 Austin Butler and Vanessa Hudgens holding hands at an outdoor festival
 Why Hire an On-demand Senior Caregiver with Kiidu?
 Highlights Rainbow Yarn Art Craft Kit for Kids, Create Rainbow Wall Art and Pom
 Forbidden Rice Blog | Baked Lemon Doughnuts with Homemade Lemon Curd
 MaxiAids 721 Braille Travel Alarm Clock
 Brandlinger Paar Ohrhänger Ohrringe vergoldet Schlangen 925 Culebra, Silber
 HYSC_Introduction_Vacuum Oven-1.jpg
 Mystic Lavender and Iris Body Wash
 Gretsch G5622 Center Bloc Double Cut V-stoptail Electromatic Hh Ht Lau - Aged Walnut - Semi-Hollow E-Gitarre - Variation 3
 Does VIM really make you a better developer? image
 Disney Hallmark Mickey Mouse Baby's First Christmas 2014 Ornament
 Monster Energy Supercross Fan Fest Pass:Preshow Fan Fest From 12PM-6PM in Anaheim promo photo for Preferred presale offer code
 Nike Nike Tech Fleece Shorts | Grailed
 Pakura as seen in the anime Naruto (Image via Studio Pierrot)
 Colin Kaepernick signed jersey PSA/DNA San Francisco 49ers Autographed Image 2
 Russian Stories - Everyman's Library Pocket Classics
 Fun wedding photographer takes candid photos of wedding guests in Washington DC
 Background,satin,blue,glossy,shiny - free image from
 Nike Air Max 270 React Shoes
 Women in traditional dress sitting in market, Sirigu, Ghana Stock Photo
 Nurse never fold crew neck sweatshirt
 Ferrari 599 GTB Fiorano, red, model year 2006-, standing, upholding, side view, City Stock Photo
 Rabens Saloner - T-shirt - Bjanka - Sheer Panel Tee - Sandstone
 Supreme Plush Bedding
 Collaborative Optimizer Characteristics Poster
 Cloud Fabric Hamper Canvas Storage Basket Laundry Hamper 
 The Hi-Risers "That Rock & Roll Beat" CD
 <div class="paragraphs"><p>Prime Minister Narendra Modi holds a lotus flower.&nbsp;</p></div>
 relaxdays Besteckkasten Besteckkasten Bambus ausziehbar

* Exercise
Give back exactly the lines above, from the line containing "Fun wedding photographer" through the line containing "a lotus flower.&nbsp;</p></div>", with both end lines and nothing more.

* Completed task
 Fun wedding photographer takes candid photos of wedding guests in Washington DC
 Background,satin,blue,glossy,shiny - free image from
 Nike Air Max 270 React Shoes
 Women in traditional dress sitting in market, Sirigu, Ghana Stock Photo
 Nurse never fold crew neck sweatshirt
 Ferrari 599 GTB Fiorano, red, model year 2006-, standing, upholding, side view, City Stock Photo
 Rabens Saloner - T-shirt - Bjanka - Sheer Panel Tee - Sandstone
 Supreme Plush Bedding
 Collaborative Optimizer Characteristics Poster
 Cloud Fabric Hamper Canvas Storage Basket Laundry Hamper 
 The Hi-Risers "That Rock & Roll Beat" CD
 <div class="paragraphs"><p>Prime Minister Narendra Modi holds a lotus flower.&nbsp;</p></div>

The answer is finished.